Revenue growth was supported by acquisitions and full-year contribution from Topaz Energy & Marine and P&O Ferries; like-for-like containerised revenue was up 1.8%.
EBITDA held steady at $3.3bn in 2020, with adjusted EBITDA that excluded one-off land sale in 2019 decreasing just 0.8% year-on-year on a like-for-like basis, which the company said showed “resilience of the wider portfolio.”
Cash flow from operating activities increased 17.8% y-o-y to $2.90bn as DP World “focused on managing costs to preserve cash,” while free cash flow (post cash tax and maintenance capital expenditure) improved 19.0% to almost $2.45bn.
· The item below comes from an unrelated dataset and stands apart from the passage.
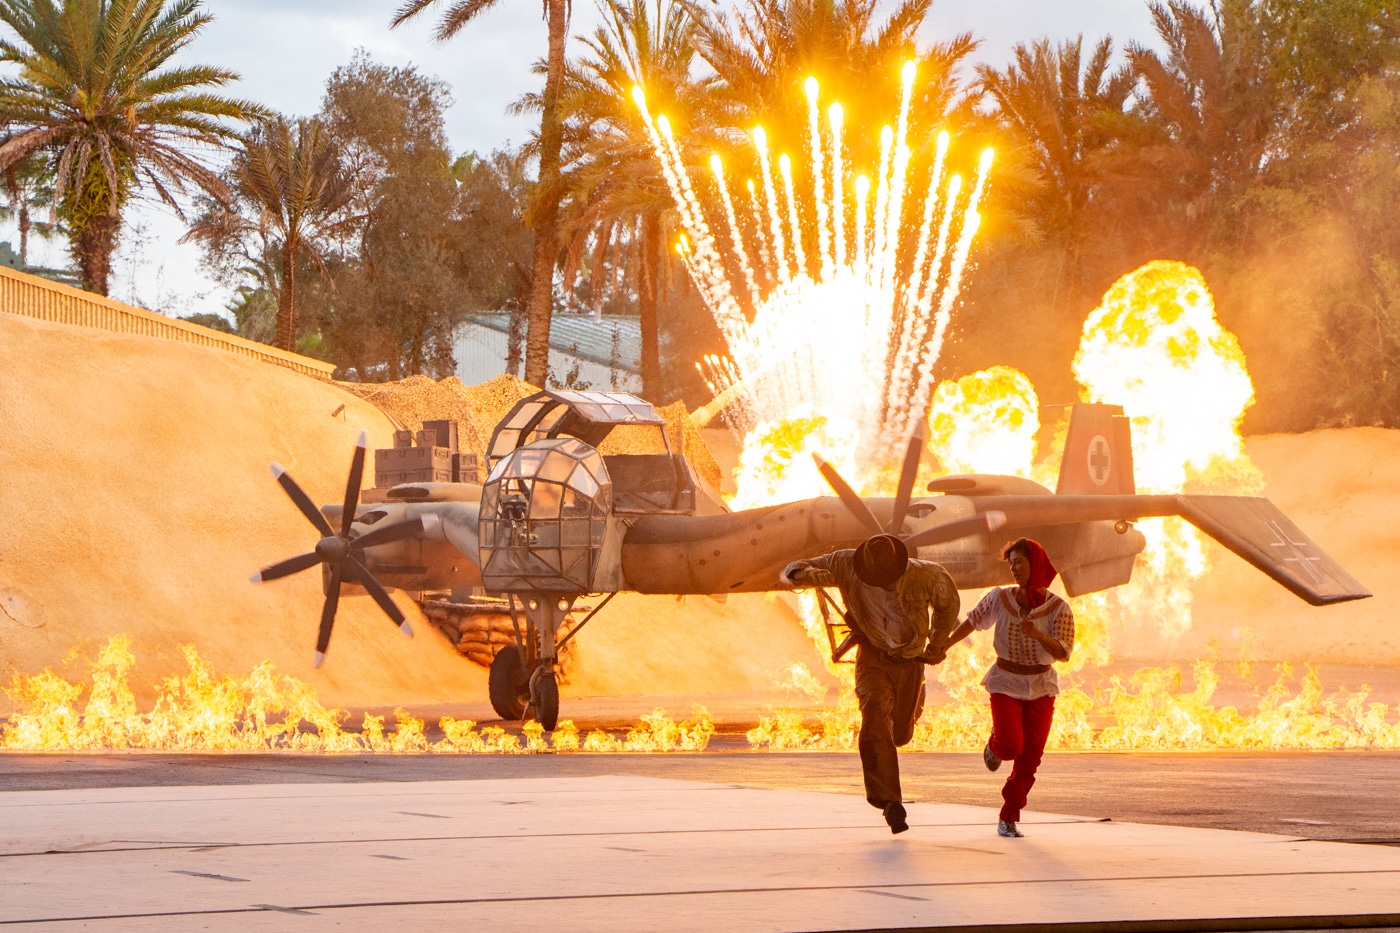 german flying wing from indiana jones epic stunt spectacular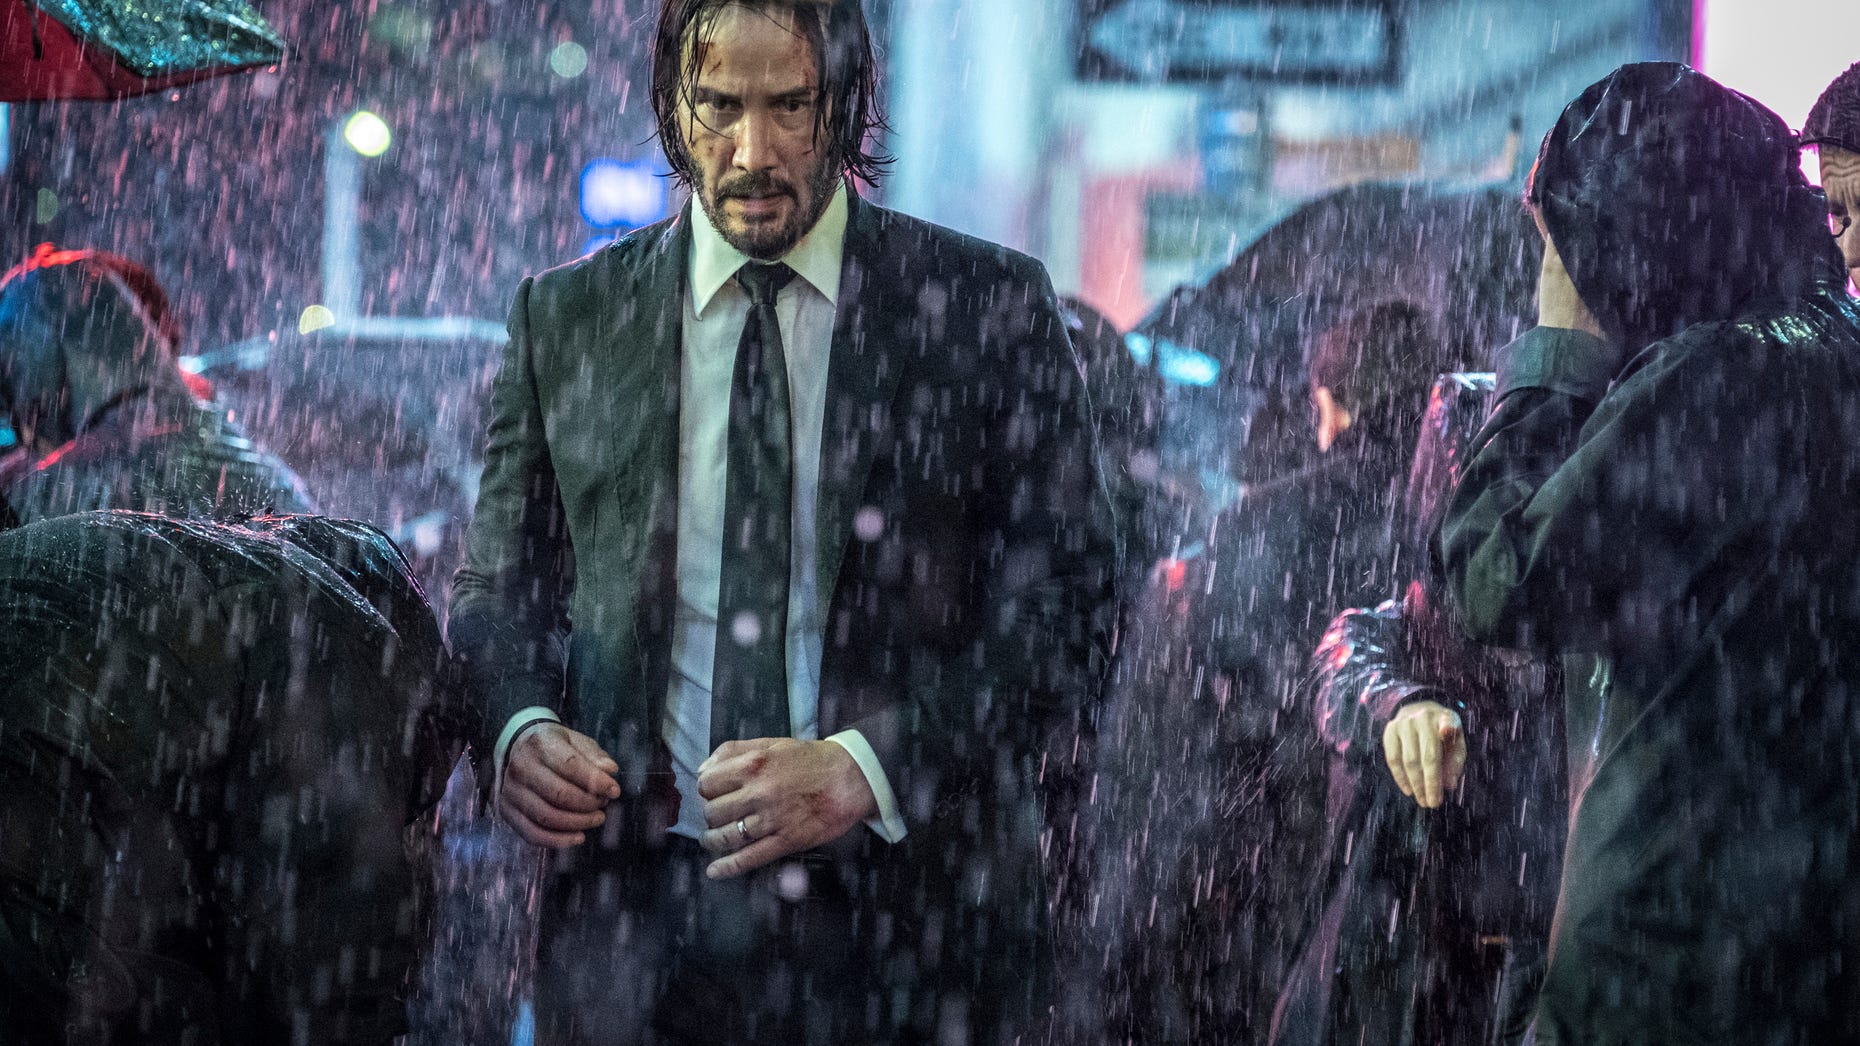 John Wick 4' is coming, it won't be a happy ending for Keanu Reeves

“We are delighted that our portfolio has performed better than expected and, in a year like no other, to deliver flat volumes, stable EBITDA and free-cashflow growth is a remarkable achievement,” commented DP World Group chairman and ceo Sultan Ahmed Bin Sulayem, pointing out that the company had also de-listed its equity from the stock exchange and returned to private ownership in 2020.
“The strength and resilience that our business continually demonstrates throughout the cycles is due to the investment the Group has made over the years in response to changes in our industry,” he said. “Our ability to adapt and change has been the key to our success, and we must continue to evolve for continued growth.”
One example of that investment is in the innovative BoxBay container high bay storage system concept, a test facility for which has been installed at DP World’s flagship facility in Jebel Ali (pictured) and earlier this month successfully completed its first 10,000 moves.